Effective Strategies to Predict Churn in SaaS
What would your retention game be like if you could predict churn before it happens?
Your company will never remain the same for sure. You’ll identify and address pain points quickly, leading to increased user satisfaction. And that comes with many other benefits—free word of mouth, account expansions, increased revenue, etc.
This article dives deep into churn prediction for SaaS, showing you the strategies that work and how to implement them.
- Churn happens when a customer stops doing business with you. It can be voluntary or involuntary, but the most common is voluntary churn.
Common reasons for churn:
- Product-market fit failure
- Poor onboarding
- Delayed Aha moment
- Bad customer experience
- Poor customer service
- Product pricing plan weak points
- Customer churn prediction is the practice of using customer behavior data to predict users that are at risk of churn.
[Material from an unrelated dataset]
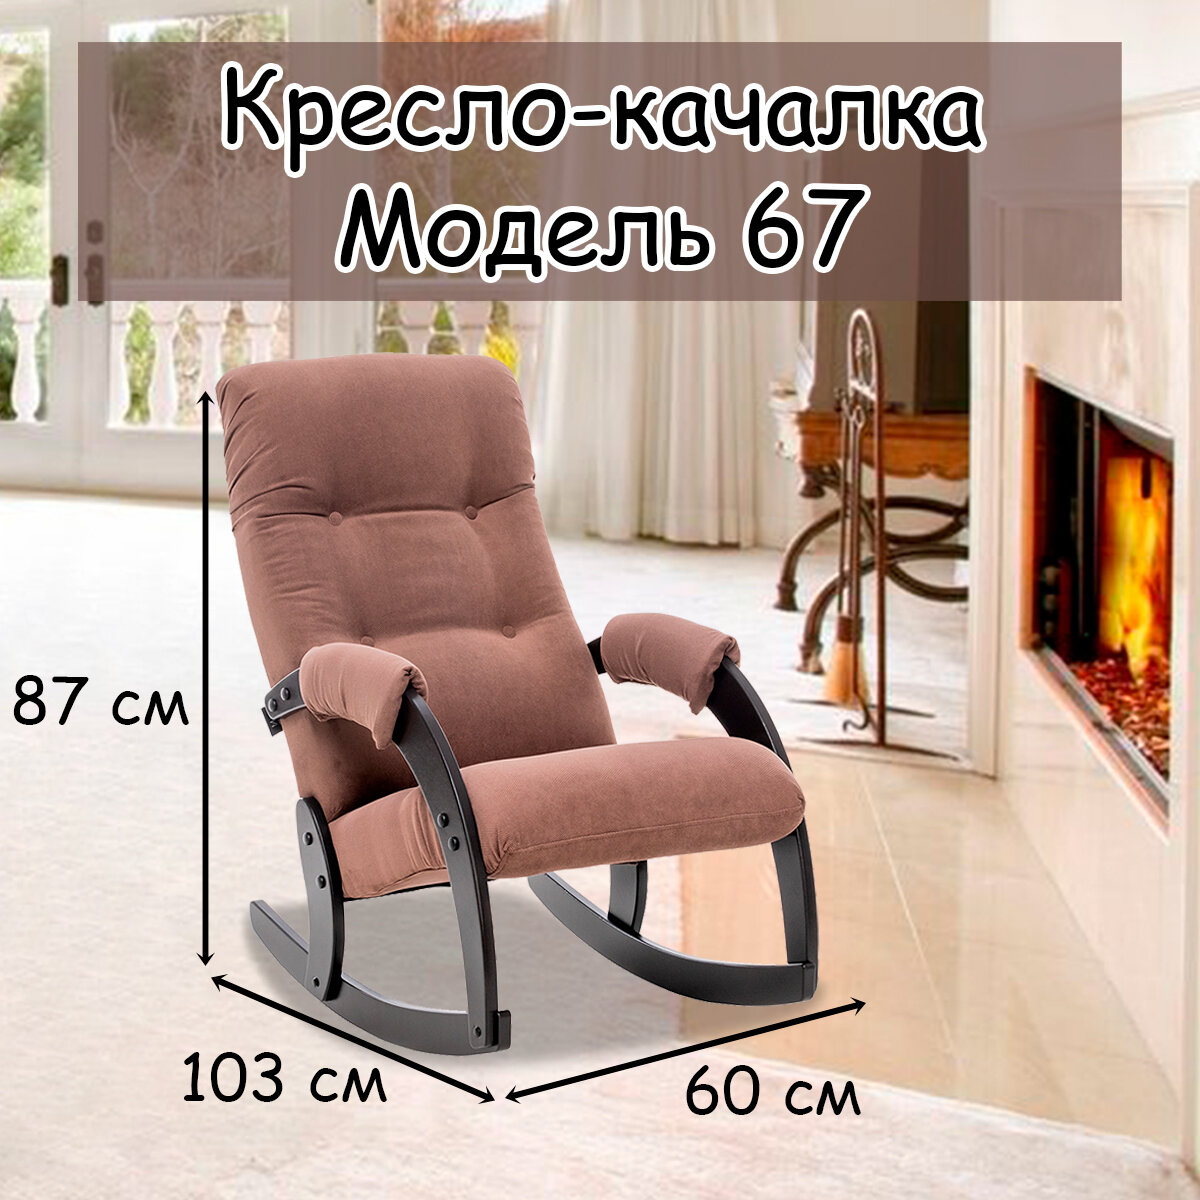 Кресло-качалка для взрослых 54х95х100 см, модель 67, verona, цвет: Brown (коричневый), каркас: Venge (черный)

Effective strategies on how to predict customer churn and enhance customer retention:
- Segment your customers to understand them better and gather data points to identify churn patterns.
- Use NPS and CSAT to measure satisfaction along the user journey.
- Identify detractors and reach out to them.
- Track customer behavior in-app to gain insights into user attrition trends.
- Track feature usage to identify churn risk.
- Combine heatmaps with feature usage to determine drop-offs.
- Engage your customer success team.
- Use exit surveys to collect customer feedback and understand the reasons behind churn.
- Use a churn prediction model (The machine learning model works best).
- Perform customer churn data analysis.
- Best tools for predicting customer churn: Userpilot, Mixpanel, Baremetrics.
What is customer churn?
Customer churn happens when a user stops doing business with you. It can be voluntary or involuntary.
Customers could churn due to one of the following reasons:
- Product-market fit failure: This is one of the biggest reasons for churn and something that most startups deal with. P/M failure means you’re attracting customers that can’t find value in your product, hence they drop off early in the customer journey.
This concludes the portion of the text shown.